Kürt ayaklanmalarının Batılı büyük devletlerle
ilişkisi eski bir öyküdür. Ancak bu ilişki, Osmanlı İmparatorluğu’nun en güçsüz
dönemi dahil hiçbir dönemde bugünkü kadar açık yürütülmedi. Devlet gücü hiçbir
dönemde bugünkü kadar aciz duruma düşmedi. Sosyalistler hiçbir dönemde bugünkü
gibi ayaklanmaların yanında yer almadı. Sanki bir orta oyunu oynanıyor, kanlı
ve öldürücü bir orta oyunu.
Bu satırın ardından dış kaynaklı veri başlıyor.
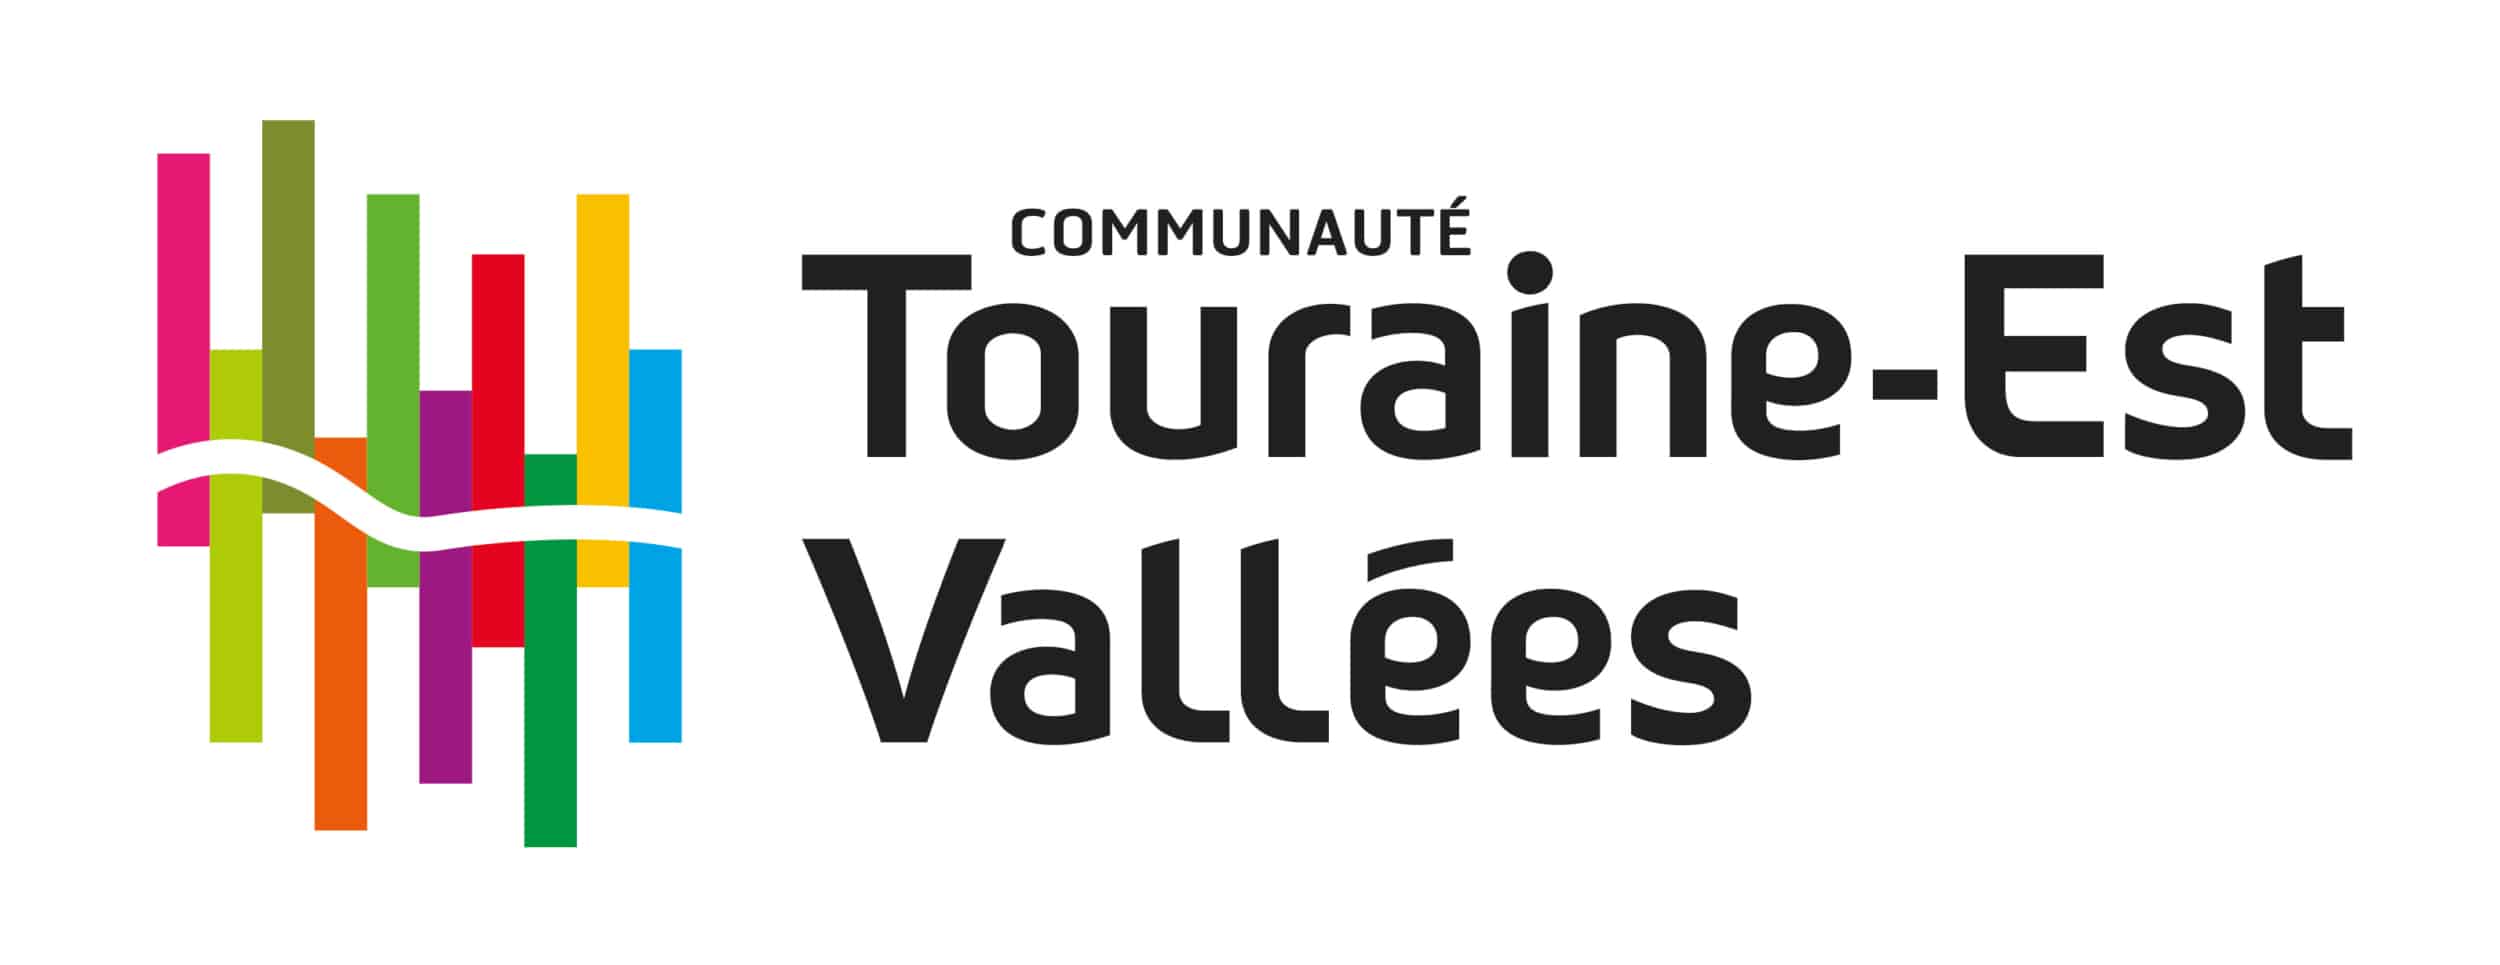 Logo de la communauté de communes Touraine-Est Vallées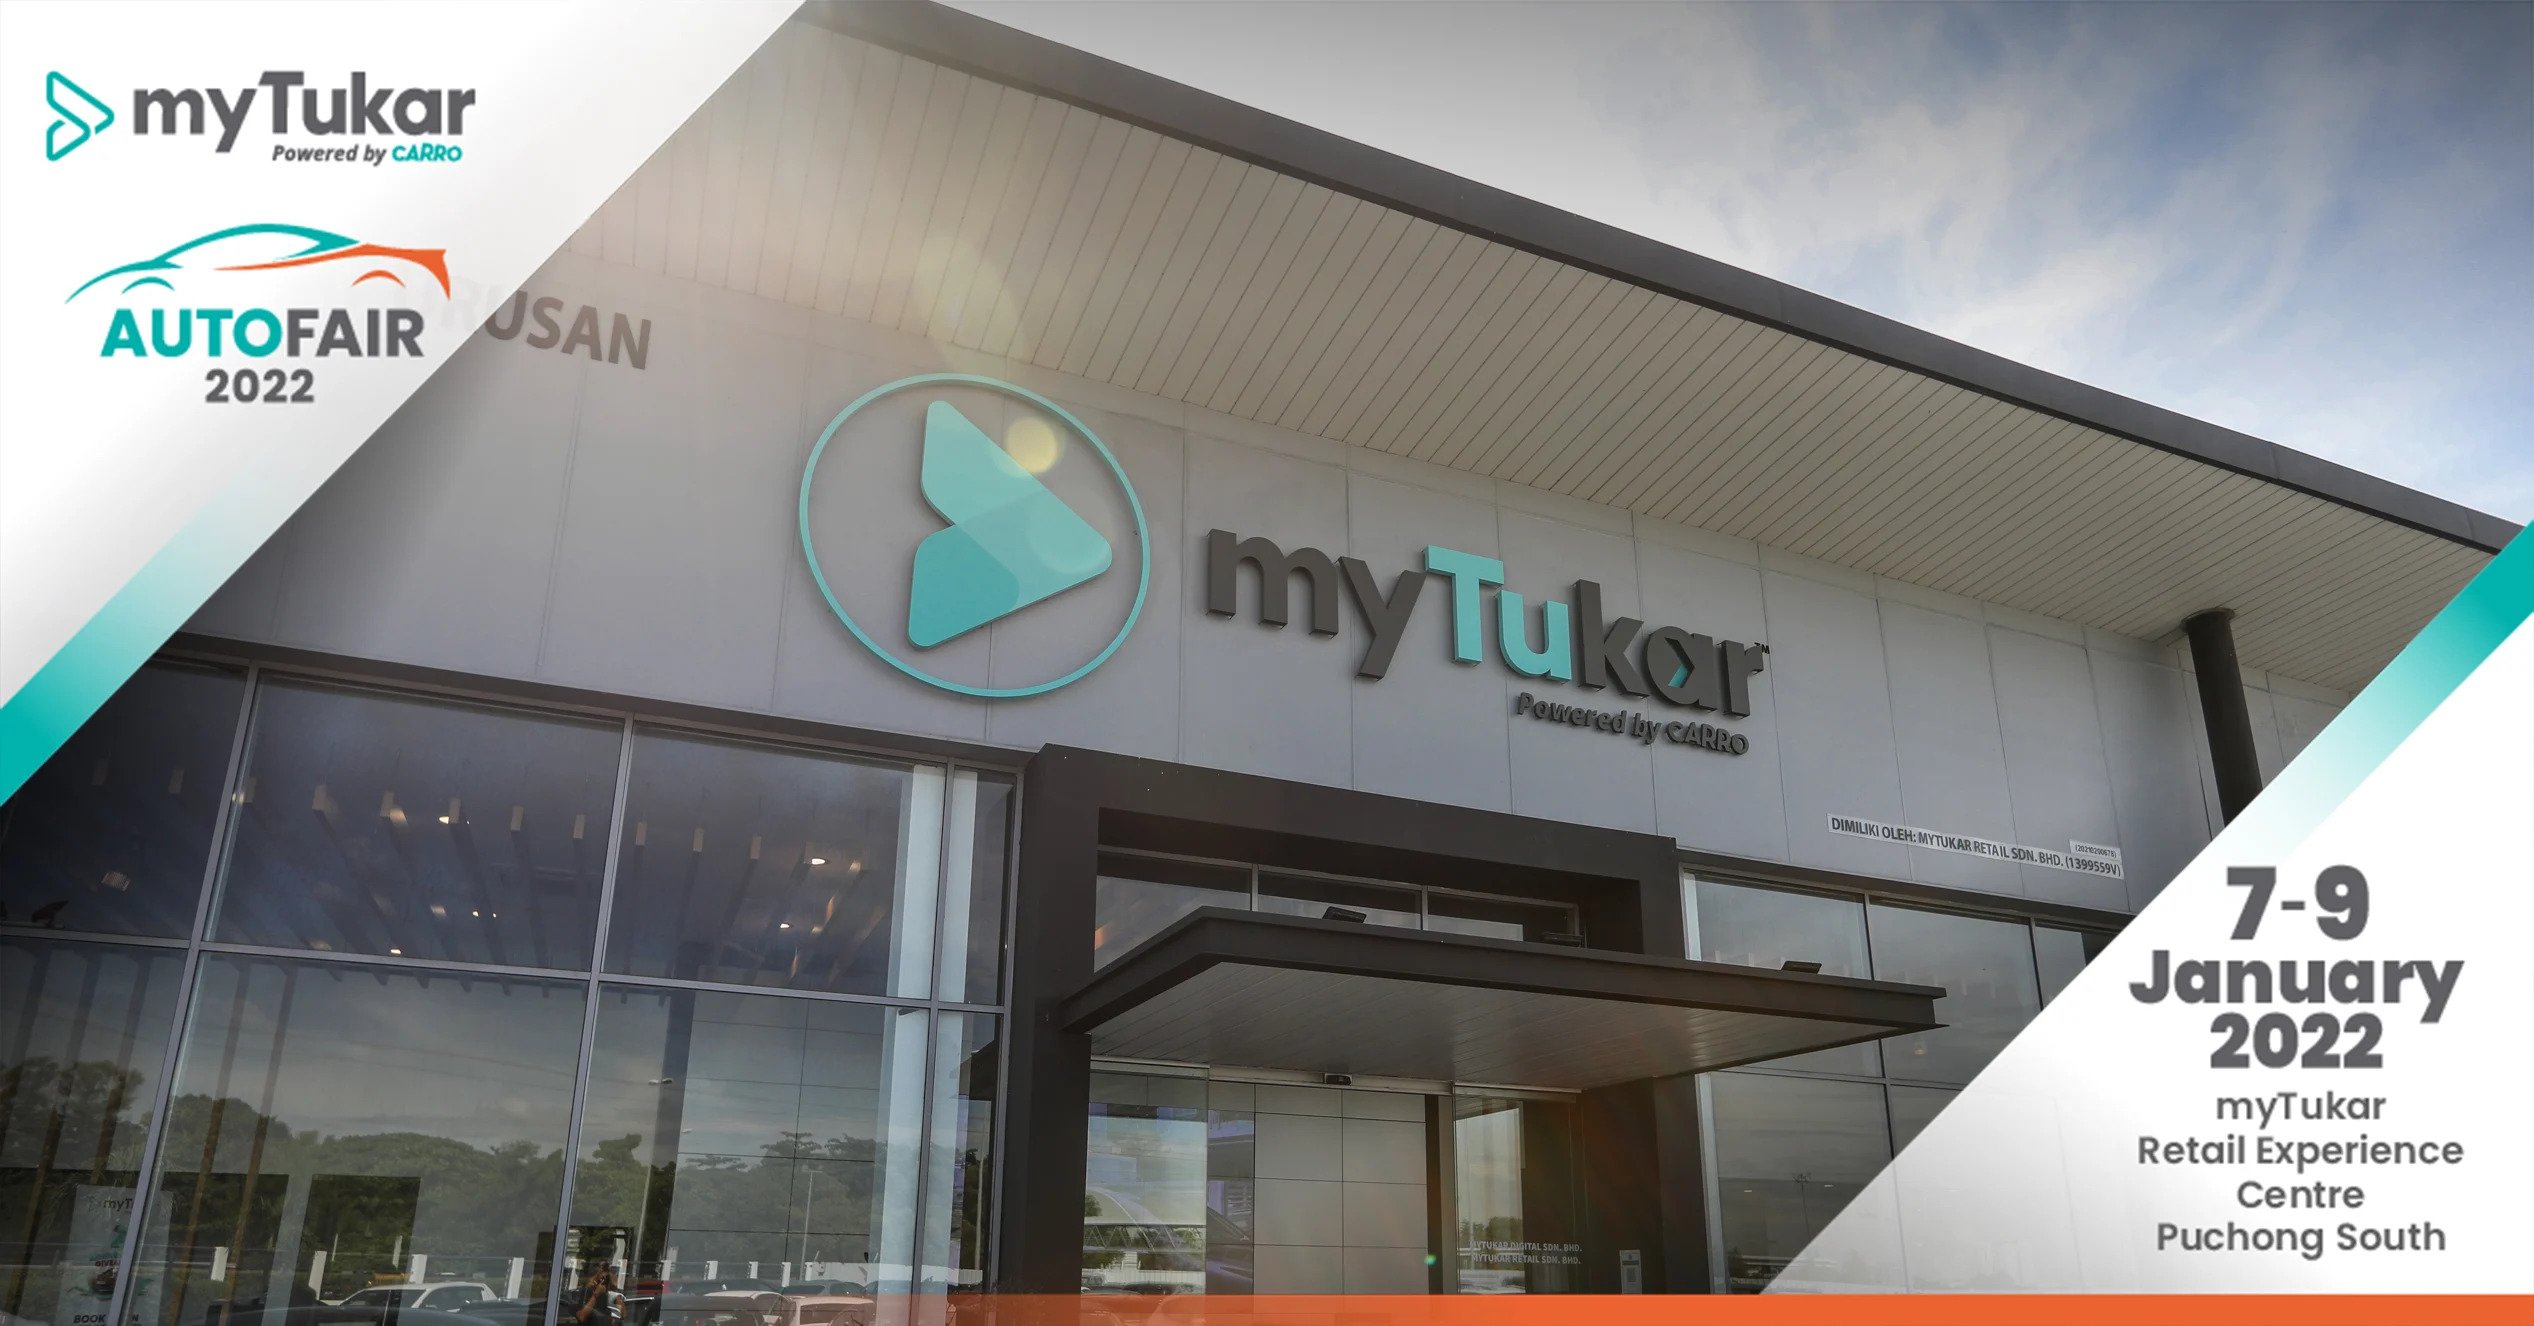 myTukar AutoFair 2022 于本周末1月7日至9日盛大开展！购买心仪二手车享有五天免理由退款保证，还有机会赢奖！

Oyun da, oyuncular da herkesin gözü önünde.
Emperyalist
devletler; Ortadoğu’yu kan gölüne çevirmişken, Kürt kalkışmasını politkasının
temeline yerleştirmişken, ayrılıkçılara para ve silah akıtırken, “biji
ABD-biji Obama” bağırışları televizyonlarda yayınlanırken... Ulusların
kaderlerini tayin hakkından söz edilebilir mi? Sözedenlere sosyalist
denilebilir mi? Emperyalizme karşı çıkmayı savaşımlarının en önüne koyan
Kemalistlere faşist diye saldırmanın amacı nedir? Düşünsel tiksintiye yol açan
bu tür girişimlerin emperyalizme hizmetten başka bir anlamı olabilir mi?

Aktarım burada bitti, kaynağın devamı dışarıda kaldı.